The MIIT in China already announced earlier in the same year that all service providers of VPNs were required to obtain licenses from the Chinese Government. Failing to comply with the new law would end the service providers from offering VPN services to the market.
Apple made a statement that it wished to comply with the rules of the MIIT in China, the Ministry of Industry, as well as the Information Technology, announced the restrictions and laws in January. The new rule in China states that unlicensed VPN service use is a crime and that it will remain unlawful until further notice in March 2018. Apple’s CEO made a public remark that the company were not thrilled with the order but had to comply with the laws of the country.
What has China Got Against VPN Services?
The big question on everyone’s minds is the reason for the ruling and the answer most comes up with is that the Communist Party is utilising its tight control and power to gain access to citizen’s information. It is known that the Great Firewall used by China restricts news, restricts resources and the locals are mostly unable to browse for any material that is related to democracy. China is anti-free speech and has a long list of cybersecurity laws that completely forbid the use of accounts that are anonymous. All users are forced to use their “real” names, and there are a variety of cybercrimes that could get citizens arrested. The punishable crimes include overthrowing the socialist system, damaging the national unity and the country is known for arresting journalists that dared report truthfully on the slowing economy, it was claimed that the journalists were lying in order to disturb the current economic order in the country.
The fall in 2017 marked the five-year conference of the Communist Party in China, and many feel this could be the reason for the tightening of cybersecurity, and at the same time, it could mean a smoother event. Previously Apple was also requested to remove the New York Times from the App store in China in January 2017. There is still no clarity regarding the time-period of the app removals although it is not classified as a ban. The situation offers much confusion since no definite rules are laid down before VPN use was not frowned upon and VPN service providers could offer services without a license, which also changed in January.
According to Forbes, the use of VPNs is allowed in China as long as it is state-controlled and the service is available primarily to companies with deep pockets like law firms and other financial institutions that warrants broader internet access. The use of VPNs is legal as long as the VPN service provider is registered and used predominantly by businesses.
China Citizens Might Find It Challenging to Use VPNs
The confusion is what upsets most citizens although those who purchased VPN services from outside China can continue to use it for now. Most users feel that China is making it a lot more difficult to use a VPN service especially now that Apple has blocked all VPN apps.
On the other hand, Apple is doing what most companies would and mainly it is complying with the business laws of China, and by removing the unauthorised apps from the Apple store, Apple shows that it respects the laws of the country. Apple released a statement that shared that the company would prefer not to remove VPN apps but like in any country where Apple operates the laws will be abided.
Why Thousands Blamed & Criticized Apple
Pro-democracy activists blame Apple, which includes the secretary of Hong Kong, Chi-Fung from the Demosisto political party.
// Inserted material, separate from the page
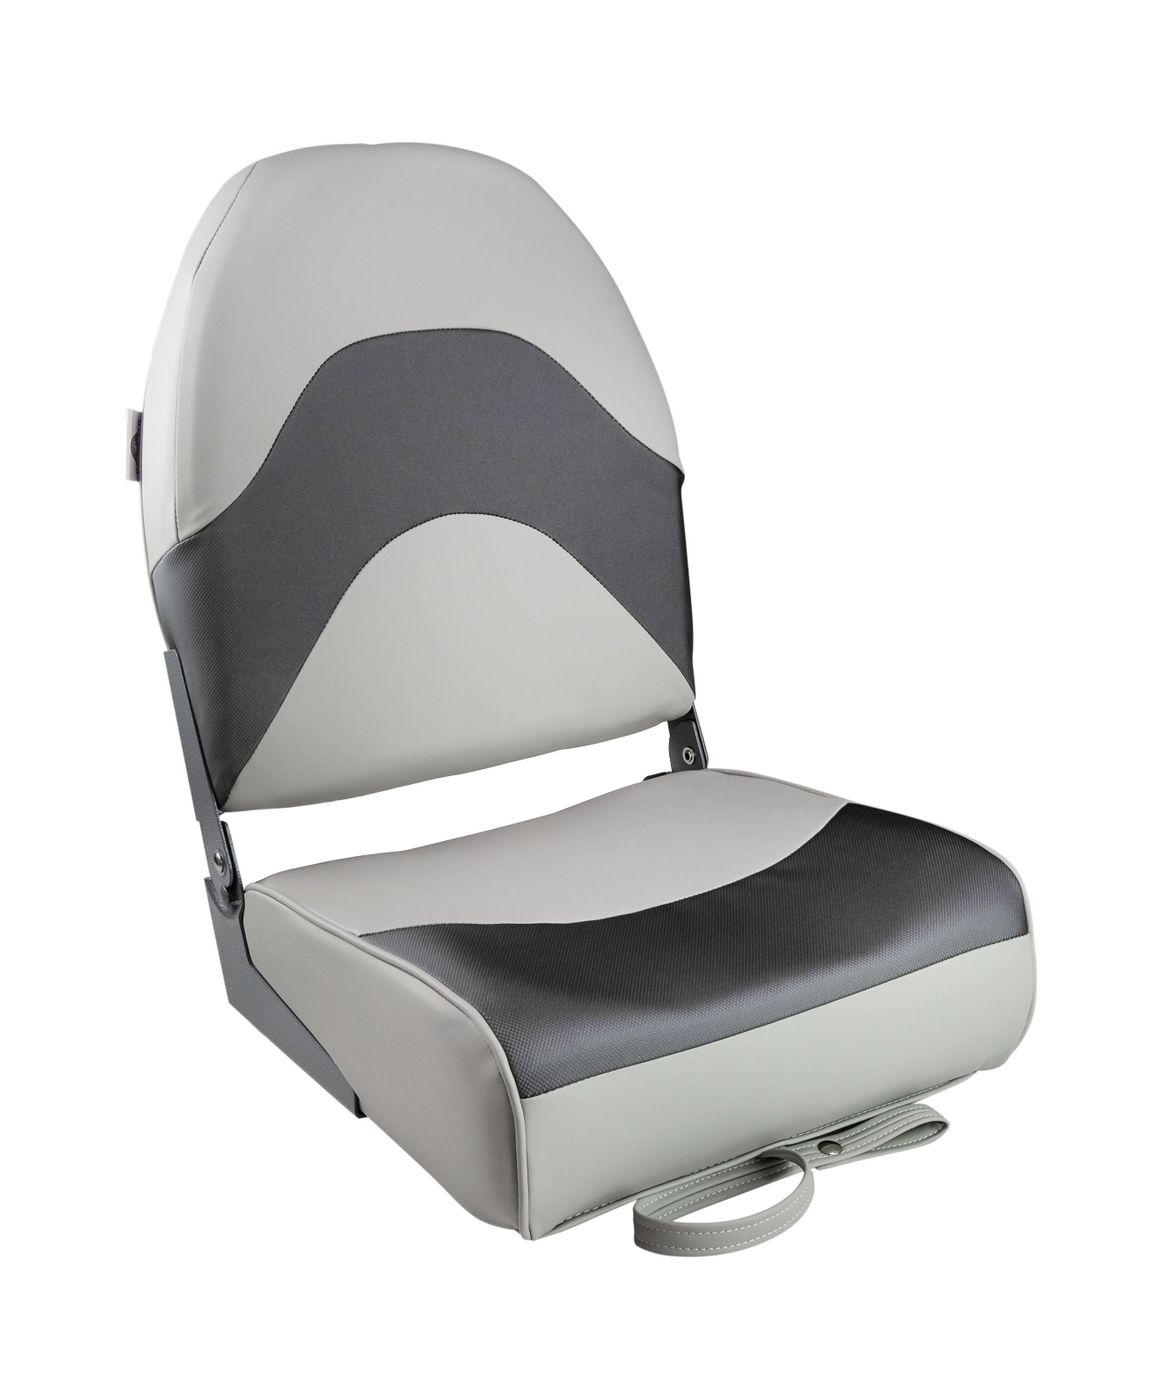 Кресло складное мягкое PREMIUM WAVE, цвет серый/черный 1062034 сиденье мягкое bass boat seat серый черный 75132gcc

Chi-Fung shared on Twitter that the company puts profit values above human rights and the New York Times warns that it was a dangerous precedent since Apple has been spending the past two years that it will always respect the privacy of its customers, governments, laws and other tech companies.
Apple’s promise to respect privacy have also previously led to criticism when the company refused to unlock and iPhone 5C in the wake of the war against the FBI and the US Government when the mentioned phone was believed to belong to one of the attackers. Apple stood by it believe that its customers had the right to privacy and the FBI later withdrew its request. Apple’s role as the protector of all its user’s privacy ensures more favouritism for the company. Apple believes that every user has a fundamental right to privacy and for many, it was easier to lighten the action of the iPhone company than to face the law by the Government of China.
After all, Apple is not the only company that obeys the new laws of China, and in the VPN crackdown, several other companies agreed to the same. Apple had a different situation in San Bernardino to deal with when the arcane law was used against the company by FBI to force Apple to rewrite the iOS program to make is less secure. Should Apple have compiled at the time, millions of user’s data would be open to government snooping, fraud, hacks and unwarranted prying. In this instance, Apple refused since it would compromise user’s security.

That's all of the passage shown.